*Your task*:
Leave out the pictures and repeat the data exactly.

(Records supplied Opens)

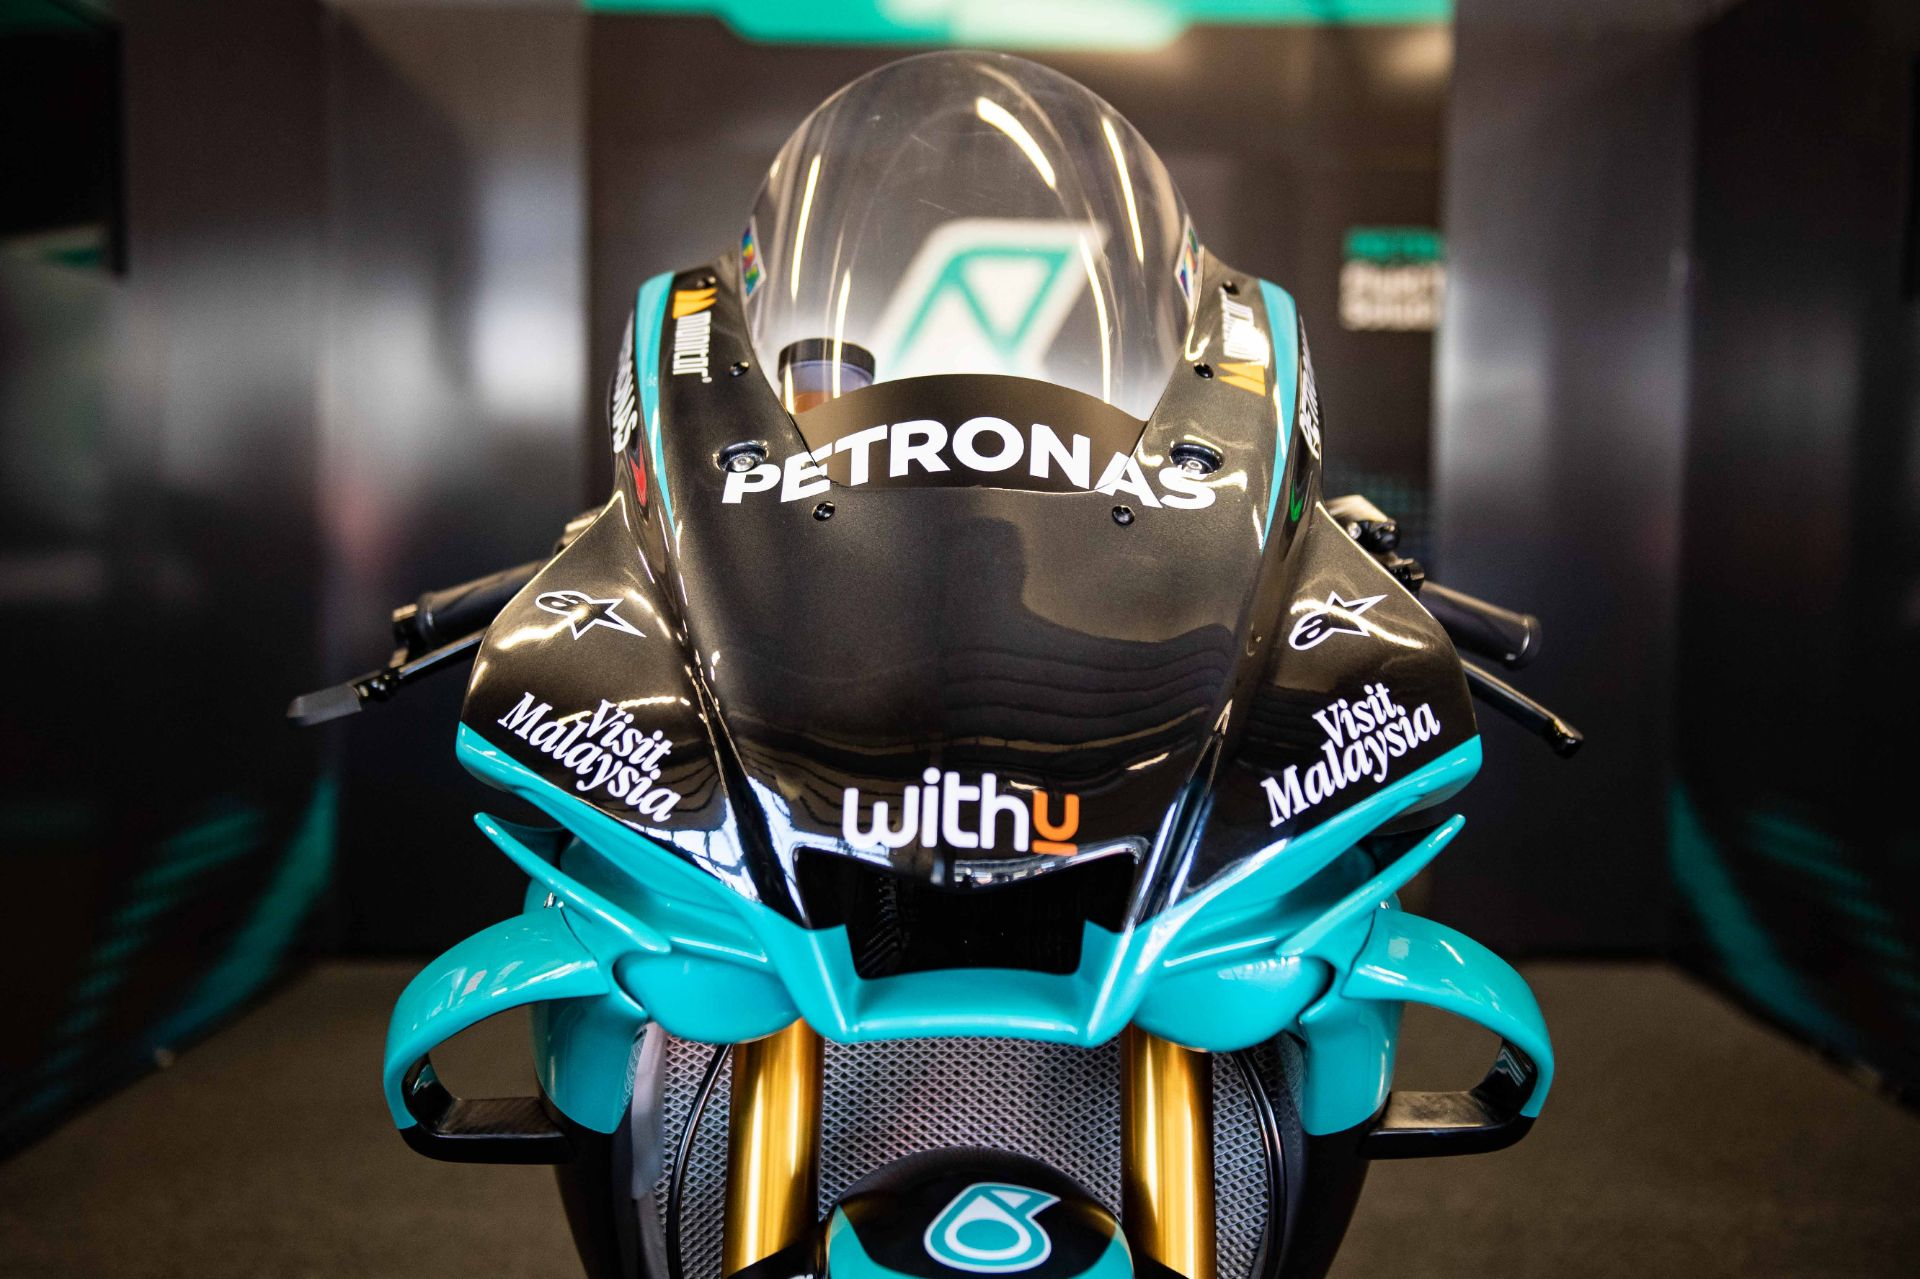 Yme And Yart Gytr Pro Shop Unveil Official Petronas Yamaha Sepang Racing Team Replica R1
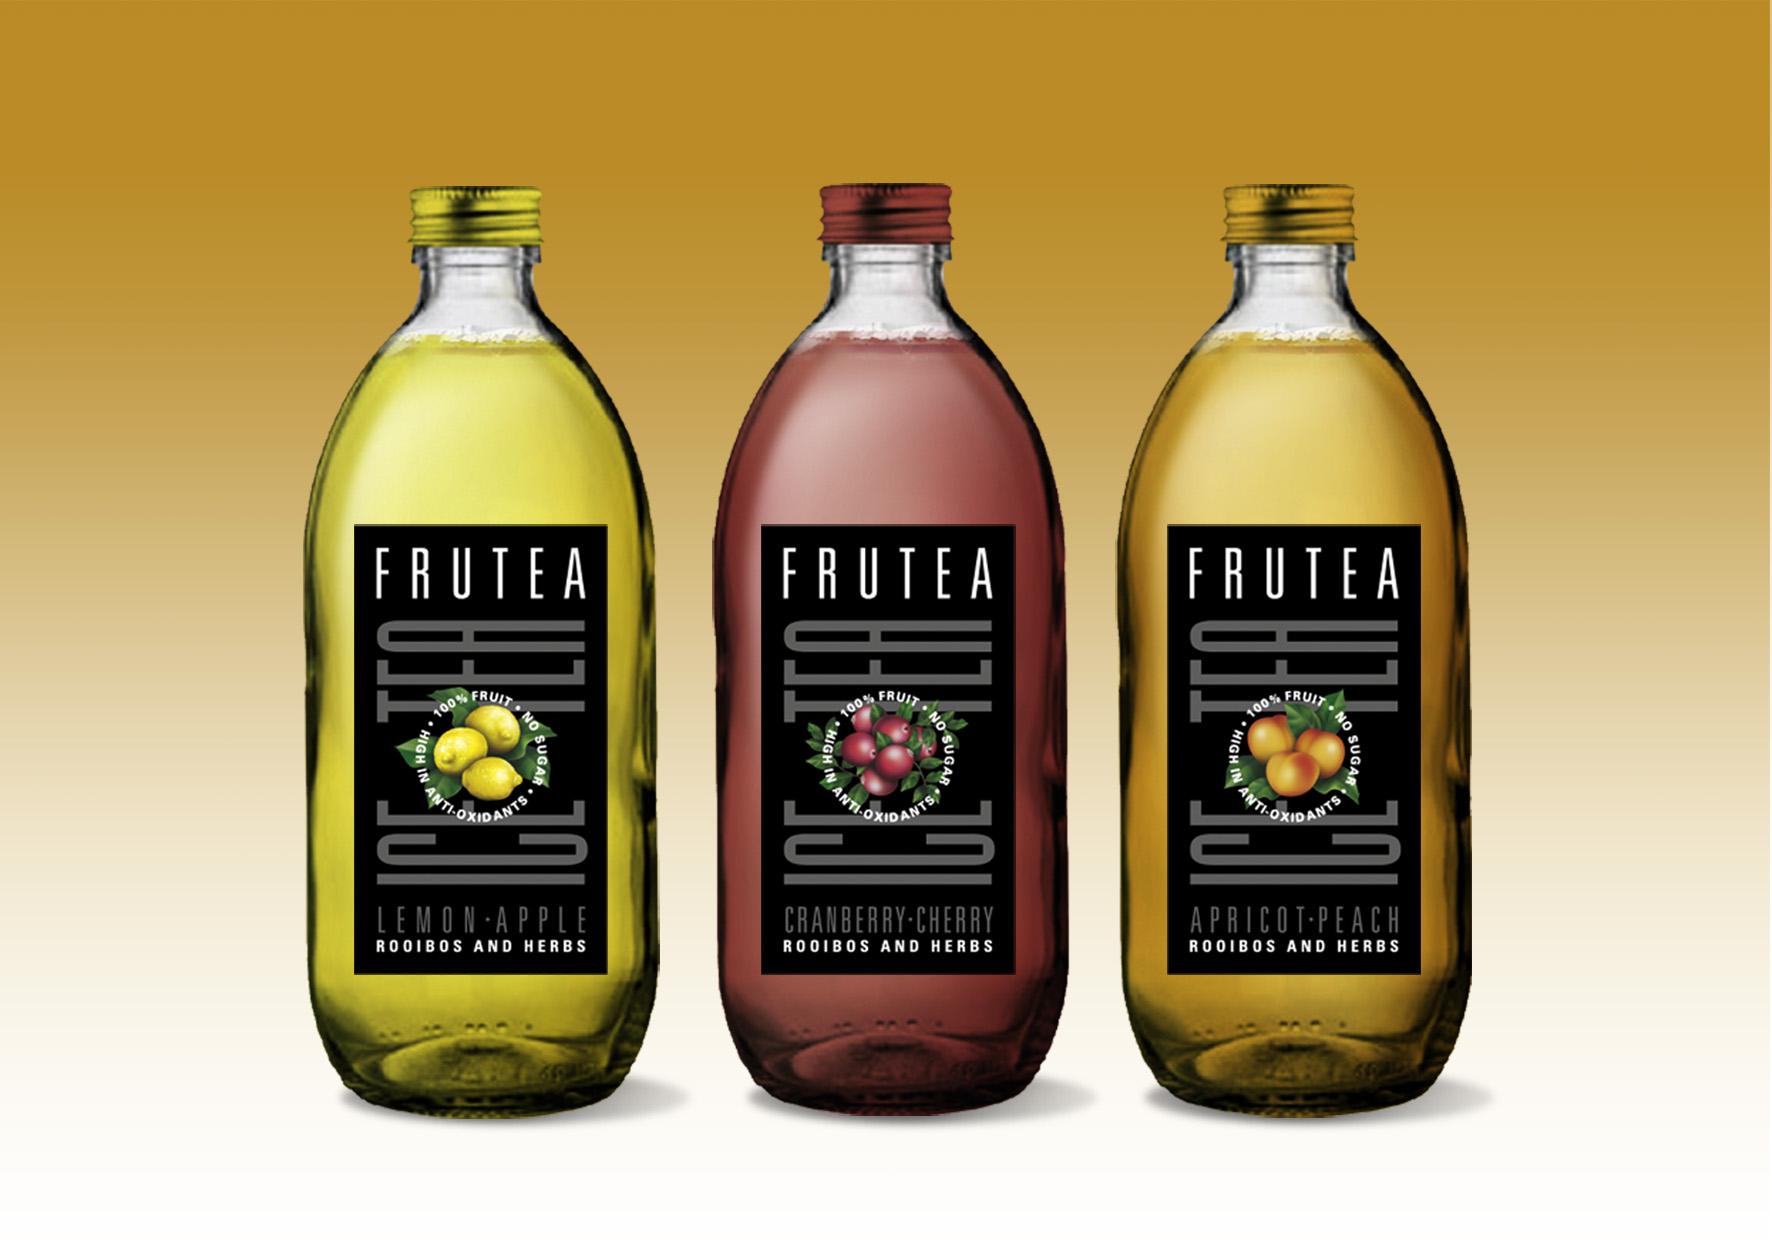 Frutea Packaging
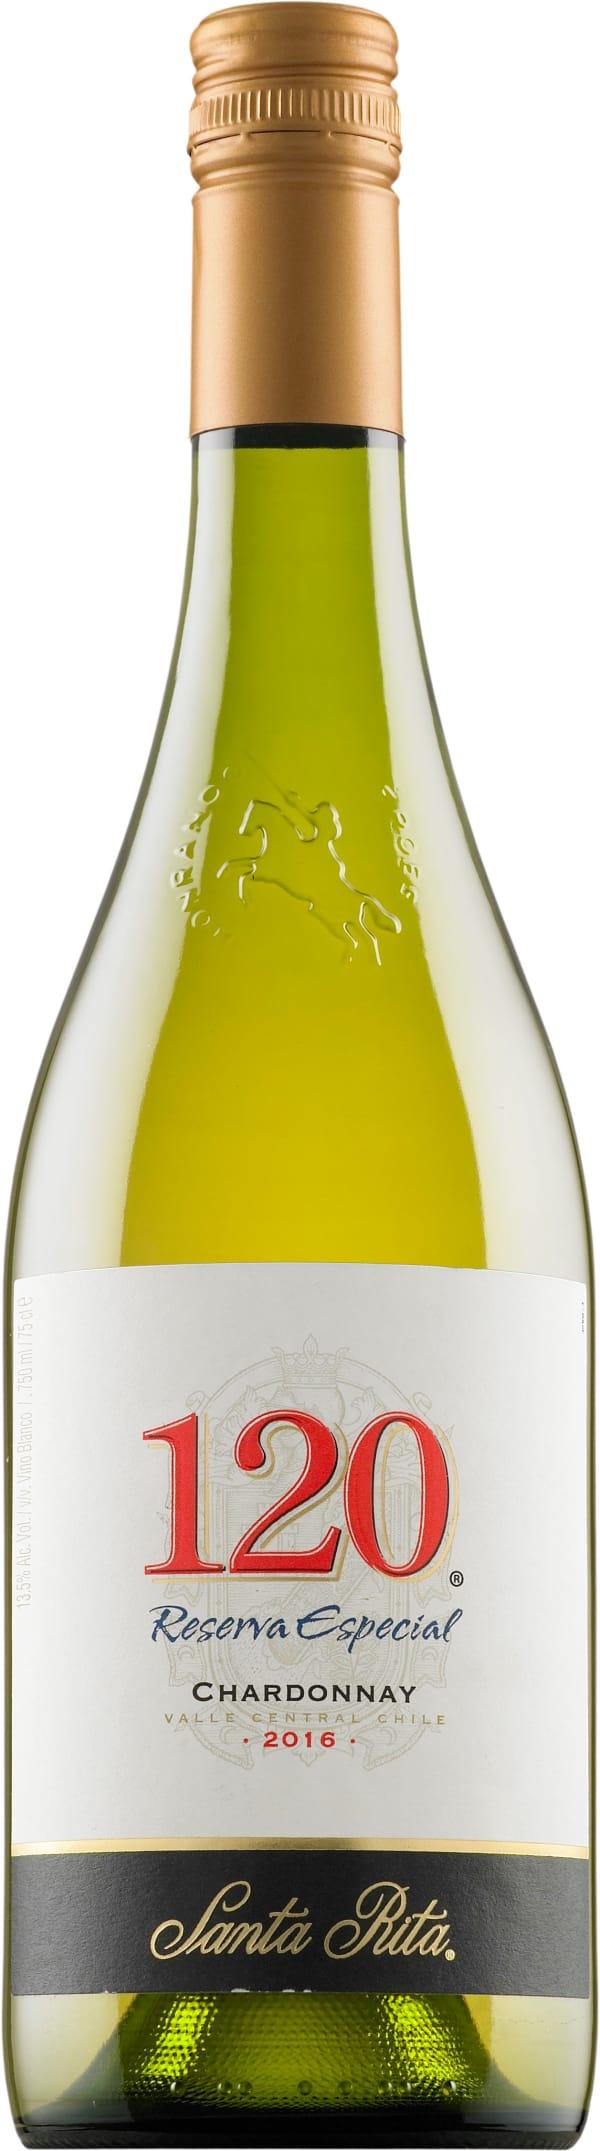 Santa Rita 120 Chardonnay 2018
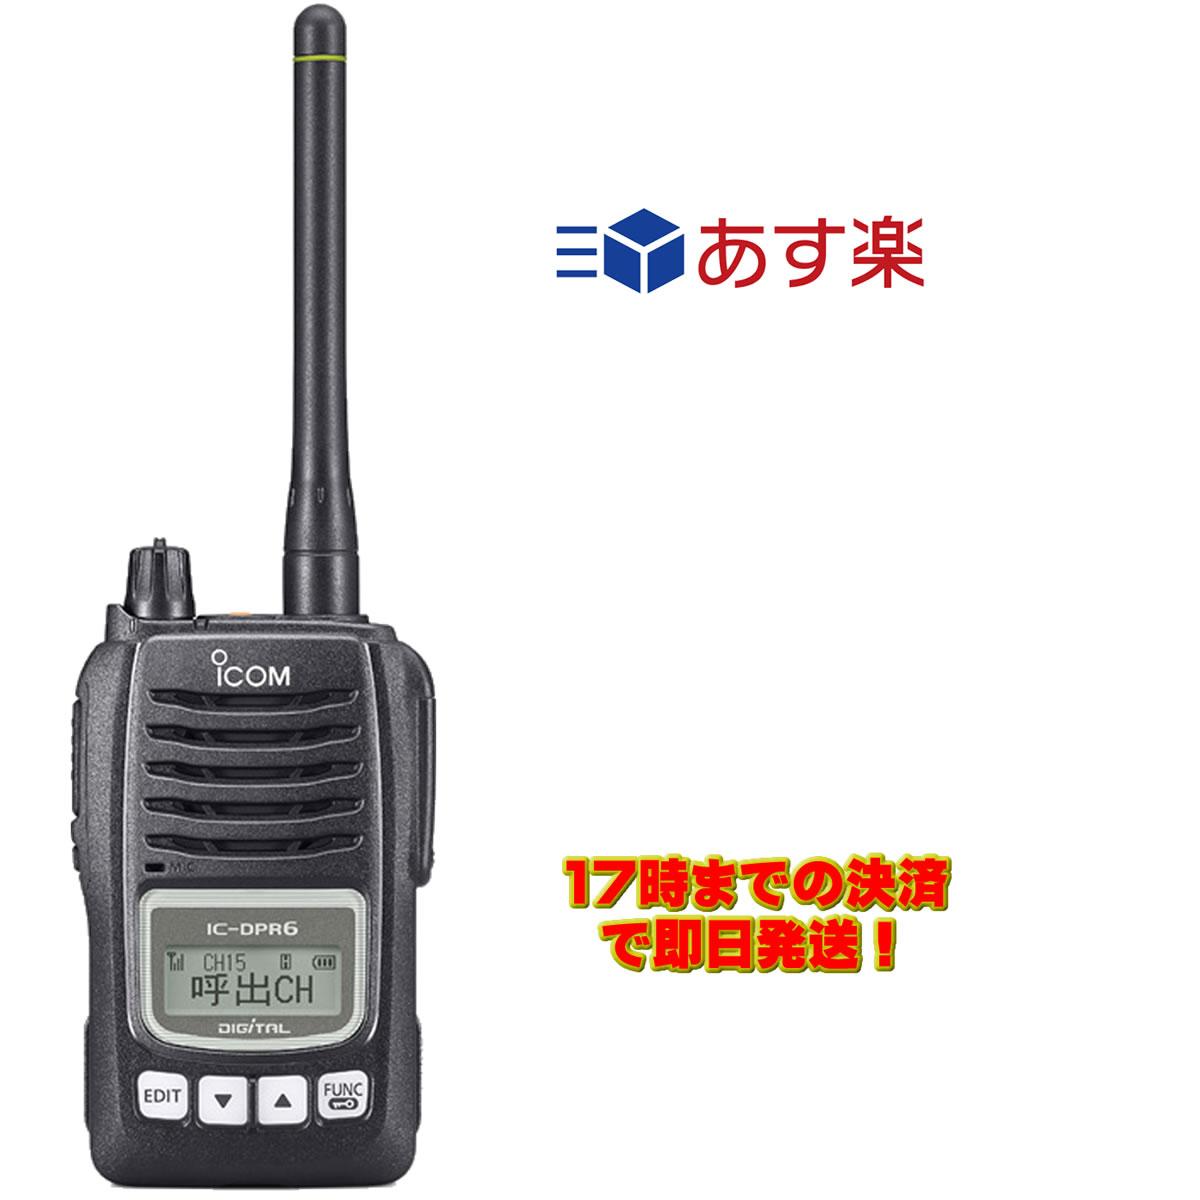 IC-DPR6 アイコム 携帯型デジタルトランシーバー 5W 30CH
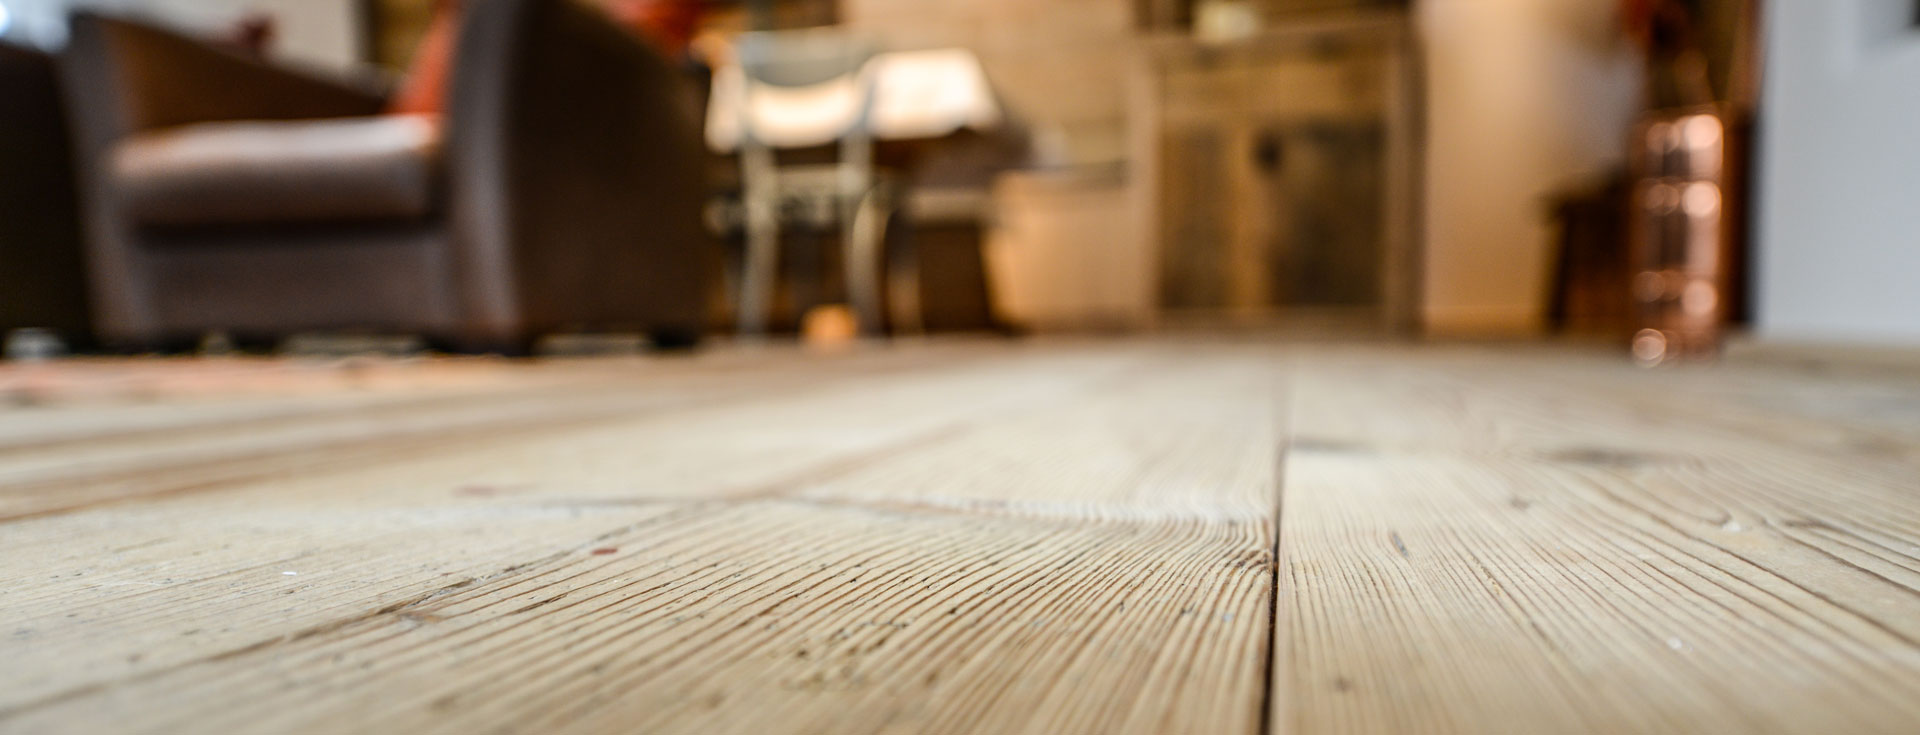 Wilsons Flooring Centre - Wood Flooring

(Records supplied Closes)

*Answer to this task*:
 Yme And Yart Gytr Pro Shop Unveil Official Petronas Yamaha Sepang Racing Team Replica R1
 Frutea Packaging
 Santa Rita 120 Chardonnay 2018
 IC-DPR6 アイコム 携帯型デジタルトランシーバー 5W 30CH
 Wilsons Flooring Centre - Wood Flooring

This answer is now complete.